Du jour au lendemain, sa vie paisible est bouleversée. Il subit plusieurs opérations dans son propre hôpital, ce qui lui permet de voir les choses de l’autre côté : il se rend compte à quel point c’est angoissant d’être malade. On lui enlève les deux testicules pour ralentir la maladie en supprimant les hormones mâles, puis on lui donne un traitement aux oestrogènes, des hormones féminines.

Malgré tout ça, le pronostic est très sombre : une espérance de vie de 18 mois à 3 ans, et encore. Car chez les hommes jeunes, le cancer de la prostate évolue plus vite. Il met ses affaires en ordre en prévision de sa mort prochaine. Il est très déprimé, il souffre toujours autant du dos et doit prendre des antalgiques sans arrêt. Il souffre aussi moralement de la perte de sa sexualité, et d’une façon générale de la solitude car il a peu d’amis. Il continue son travail, car c’est bon pour le moral d’avoir une occupation, mais sinon tout va au plus mal.  Là-dessus, son père meurt du cancer ! Il ne manquait plus que ça.

 

Et c’est à ce moment précis que le miracle se produit.

En revenant de l’enterrement de son père, il prend deux auto-stoppeurs, contrairement à ses habitudes, sans savoir pourquoi, deux jeunes hippies, pas du tout le genre de personnes qu’il fréquente d’habitude.
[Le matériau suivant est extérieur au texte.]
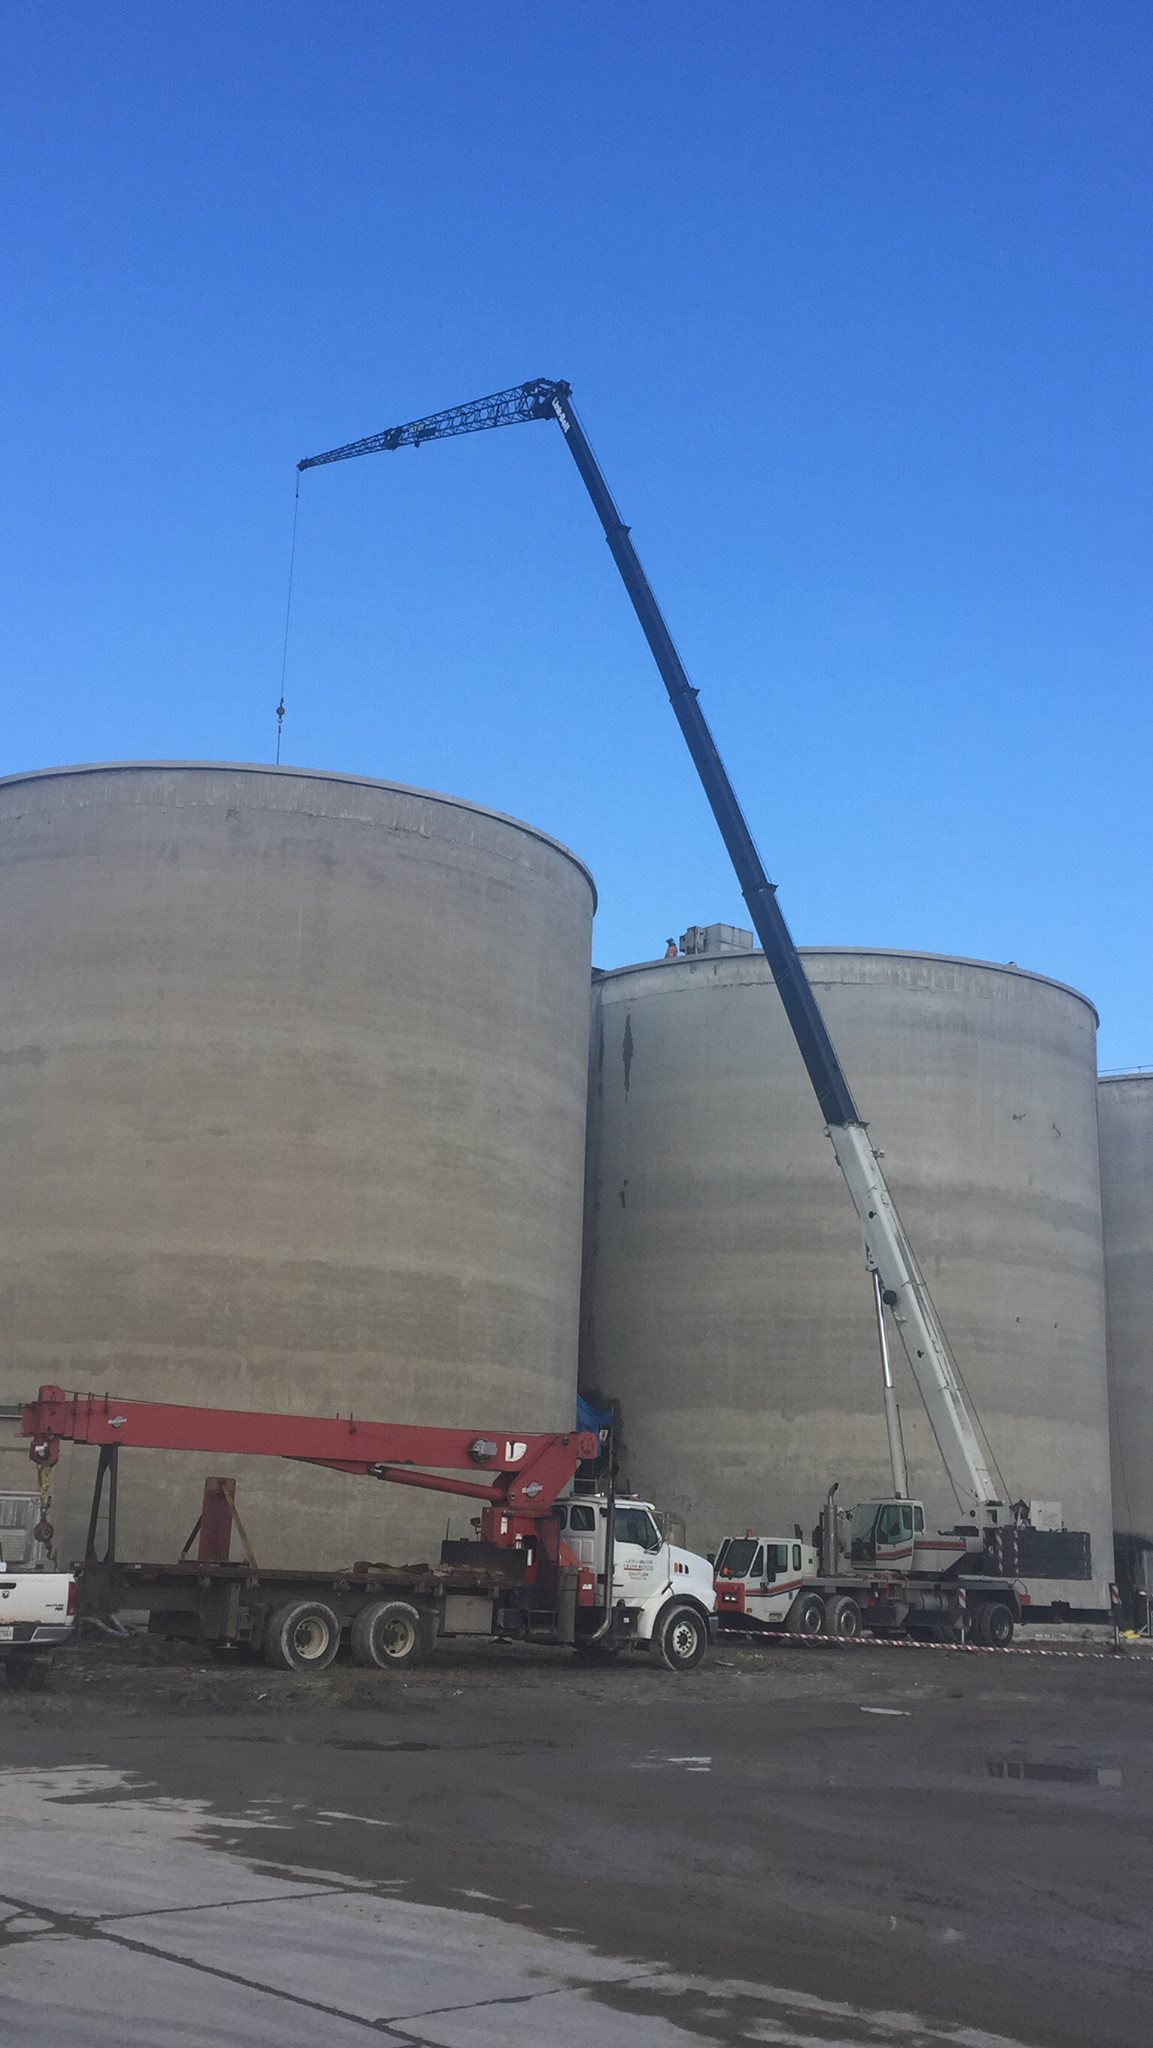 Millwright work completed by mobile crane

Il leur raconte d’où il vient puis il ajoute : « Moi aussi j’ai un cancer et je vais mourir ». L’un des garçons lui répond sans s’émouvoir : « Vous savez, docteur, vous n’êtes pas forcé de mourir. Le cancer, ce n’est pas si difficile que ça à guérir » et il lui explique que le cancer est causé par une mauvaise alimentation, et comment il faut se nourrir pour guérir. Le Dr Sattilaro, bien entendu, trouve ces idées complètement stupides. Le garçon insiste et note son adresse.

Quelques jours après, un ami emmène Sattilaro à une réunion de prière pour les malades, organisée par le Renouveau charismatique. On prie pour lui. Il ne croit pas à la possibilité d’un miracle mais il est ému par l’amitié dont on l’entoure. Son cheminement vers Dieu sera lent mais sûr.

Il commence à ne plus supporter son antalgique habituel à base de morphine, et les autres antalgiques n’ont aucun effet. Autrement dit, ou il souffre, ou il vomit. Il essaie différentes solutions, sans succès.

 

Voilà qu’il reçoit un livre envoyé par le jeune auto-stoppeur. Ça s’appelle Pour une approche macrobiotique du cancer.

« La macrobiotique ? Le jeune homme avait en effet mentionné ce nom. N’était-ce pas cette espèce de régime bizarre à base de riz complet ? »

Il lit le livre, et s’il ne le jette pas au panier, c’est uniquement parce que parmi les témoignages figure celui d’un médecin. Il téléphone à cette personne, et de fil en aiguille il se retrouve chez quelqu’un, Denny Waxman, qui lui donne des conseils diététiques.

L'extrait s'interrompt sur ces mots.